Das warme Gefühl, das sich in diesem Moment in ihrer Herzgegend ausbreitete, war für Sam kaum in Worte zu fassen. Sie hatte die Hälfte des Tages zwar damit verbracht, immer wieder nervös ihre Rede einzustudieren. Die andere Hälfte aber hatte sie insgeheim den Moment gefürchtet, in dem sie wie bestellt und nicht abgeholt danebenstehen würde, wenn ihre Klassenkameraden und speziell ihre Freunde sich zusammen mit ihren Eltern und Geschwistern für das Familienalbum verewigen lassen würden. Denn Sam hatte keine Familie im eigentlichen Sinne. Nicht mehr.

Aber Billy hatte recht. Er war ihr Bruder, ihre Familie. Ebenso wie Sally und Stuart. Und auch Timothy.

Samantha schüttelte lachend den Kopf, als sie sich wieder einigermaßen gefangen hatte. »Du meinst, ob ich Lust habe auf ein Foto mit meinem kleinen Bruder? Immer doch, kleiner Mann!«

Billy schob sie eine Armlänge von sich, um sie eingehend zu betrachten. Er runzelte die Stirn und hob skeptisch eine seiner buschigen Augenbrauen, die dadurch beinahe unter seiner grünen College-Kappe verschwand. »Ich weiß ja nicht, ob du heute Abend irgendwann auf den Kopf gefallen bist, aber als ich das letzte Mal nachgesehen habe, war ich noch gut drei Monate älter als du. Hat sich daran was geändert?«

»So wie ich es sehe, bin ich seit heute offiziell keine Highschool-Schülerin mehr.« Zur Bekräftigung hielt sie das gefaltete Diplom in ihren Händen in die Luft und wackelte einige Male damit vor Billys Augen. »Du, mein Freund, aber schon.«

»Erbsenzählerei«, murmelte Billy. »Thunderridge vergibt die Diplome eben erst in ein paar Wochen. Es ist alles nur eine Frage der Zeit, bis wir beide arme Collegestudenten sind.«

Um sie herum kam die Schülermasse langsam in Bewegung und strebte auf den Ausgang zu, wo der Fotograf bereitstand um die heißbegehrten Absolventen-Aufnahmen zu knipsen. Samantha und ihre Freunde reihten sich in die lange Schlange mit ein. Und während Timothy ihre Hand fest umklammert hielt und Sally vor ihr mit Billy und Stuart scherzte, überlegte Sam, ob es überhaupt möglich wäre, glücklicher zu sein, als sie es in diesem Moment war.

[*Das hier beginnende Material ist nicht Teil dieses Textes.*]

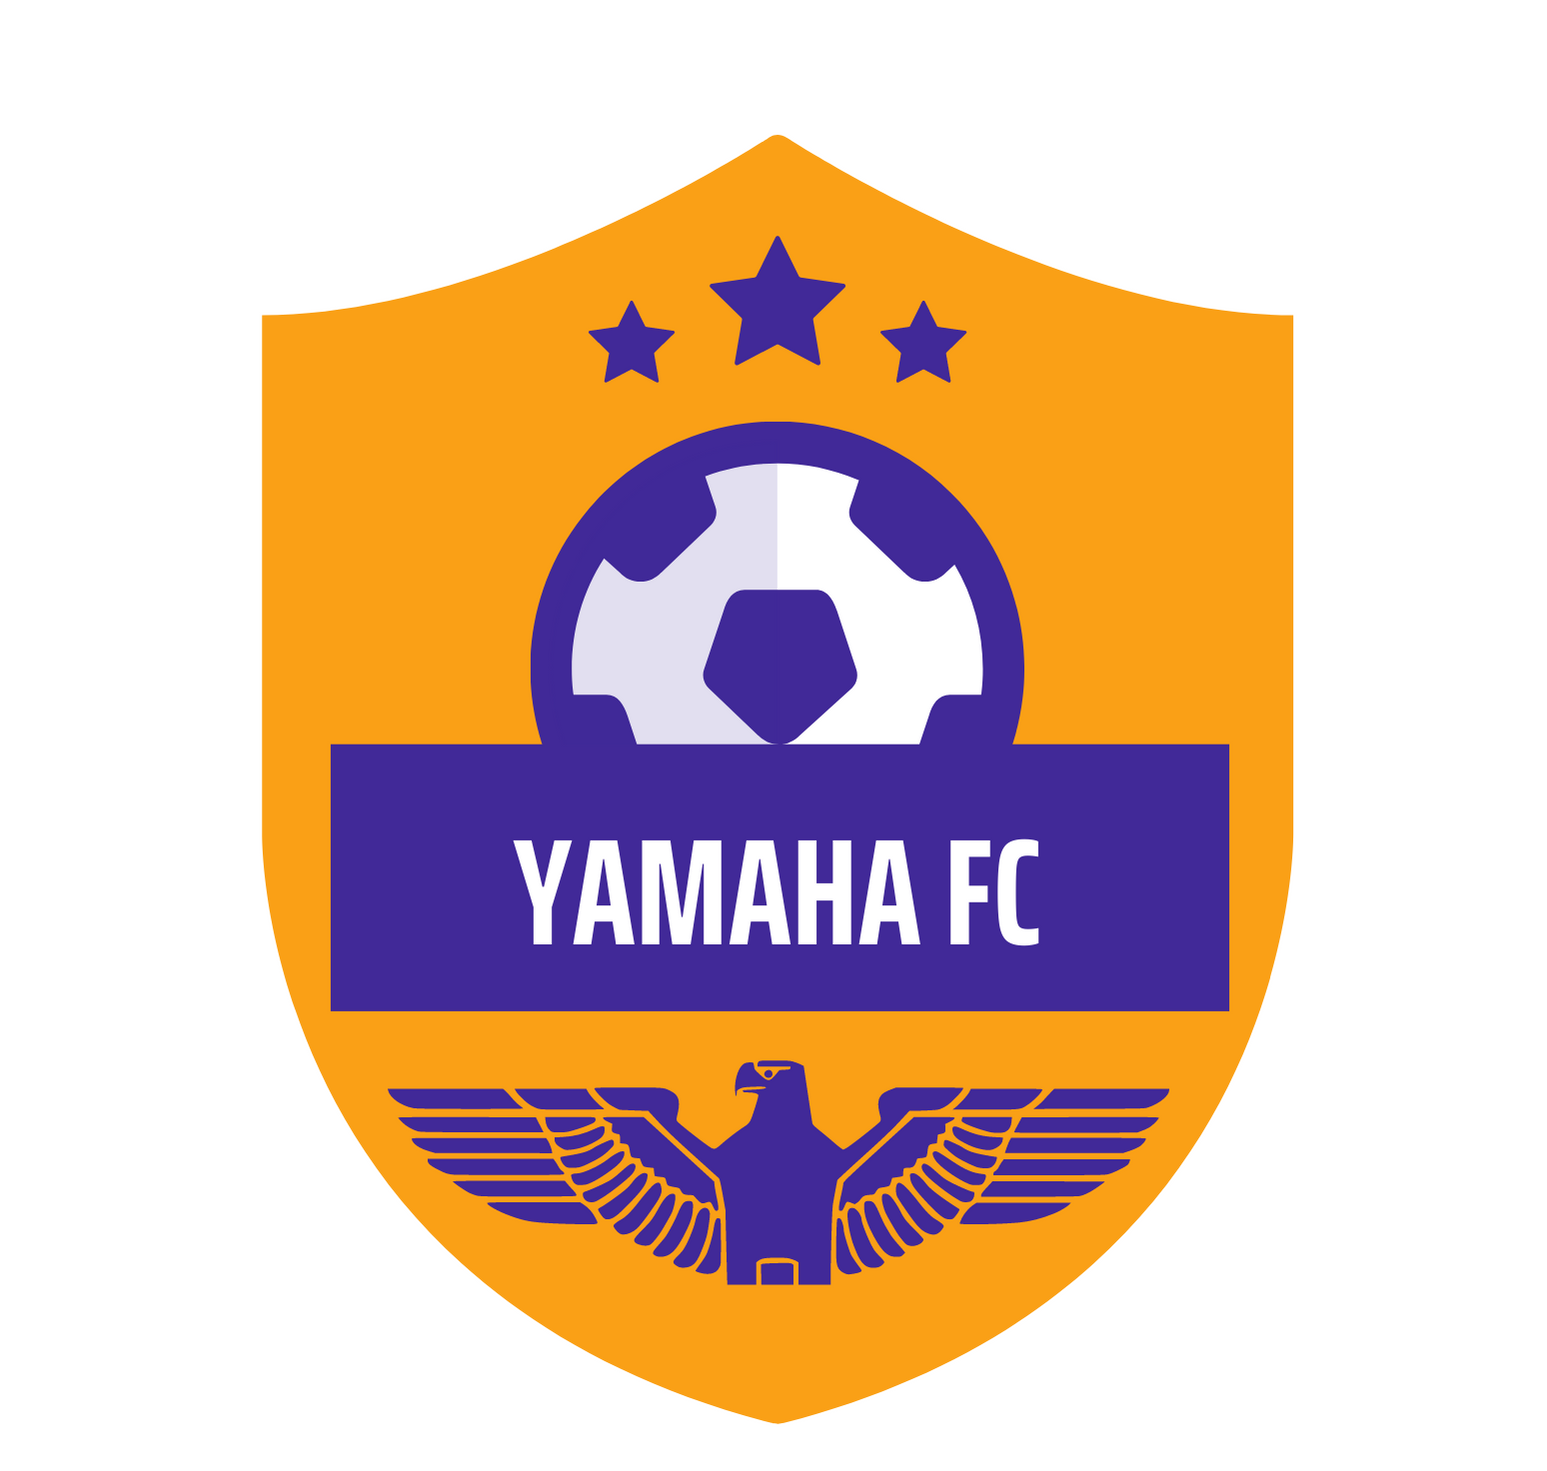 YAMAHA FC

Knapp drei Stunden später, nachdem alle Fotos geknipst, alle Glückwünsche entgegengenommen und alle Hände geschüttelt worden waren, fand Samantha sich an dem, wenn es nach ihr ging, schönsten Ort der Welt wieder.

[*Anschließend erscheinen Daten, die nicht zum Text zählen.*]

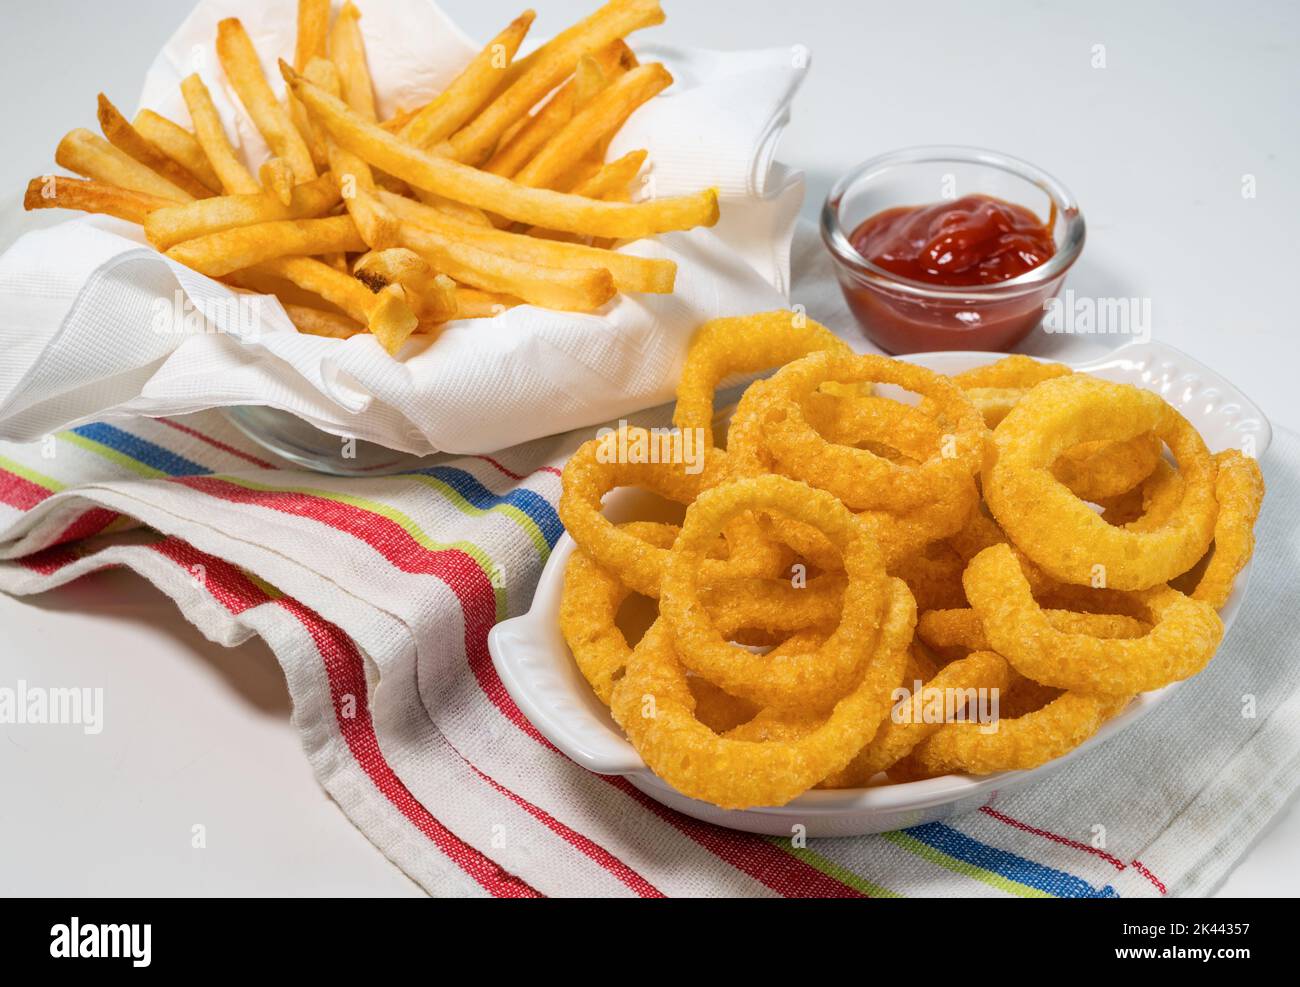 Anelli di cipolla fritti e patatine fritte con ketchup su tovaglia Foto Stock

Hoch oben, auf der höchsten Klippe der Foothills, weit über den Dächern von Lone Tree, saß sie inmitten ihrer Freunde auf einem flachen Felsvorsprung und ließ die Füße über dem steilen Abgrund baumeln. Hinter den Freunden erstreckte sich ein flacher, umzäunter Schotterplatz, auf welchem Samanthas klappriger Ford direkt neben dem Eingangstor parkte. Die rostigen alten Buchstaben, die oben auf dem Tor angebracht waren und gefährlich in der scharfen Brise des Frühlingsabends schwankten, wiesen den Platz an den Klippen als »Daniel’s Gate« aus. Dahinter erstreckte sich eine große Wiese, auf der Bisons und Bergziegen einträchtig und gemächlich im Schein der untergehenden Sonne grasten.

Samantha konnte sich nicht mehr erinnern, wann sie das erste Mal mit Billy hier heraufgekommen war, aber sie erinnerte sich noch gut an das Gefühl, das die atemberaubende Aussicht auf das Tal damals in ihr ausgelöst hatte. Denn seit diesem Tag verspürte sie es jedes Mal, wenn sie hier oben war. An keinem anderen Ort und zu keiner anderen Zeit fühlte sie sich jemals so frei und unbeschwert wie hier oben. Meilenweit über den schnurgeraden Straßen und immer gleichen Häusern der Vorstadt, schienen ihre Sorgen und Probleme winzig klein und beinahe so, als würden sie vom scharfen Westwind einfach über die weite Ebene der Plains davongetragen, bis sie ihr nichts mehr anhaben konnten.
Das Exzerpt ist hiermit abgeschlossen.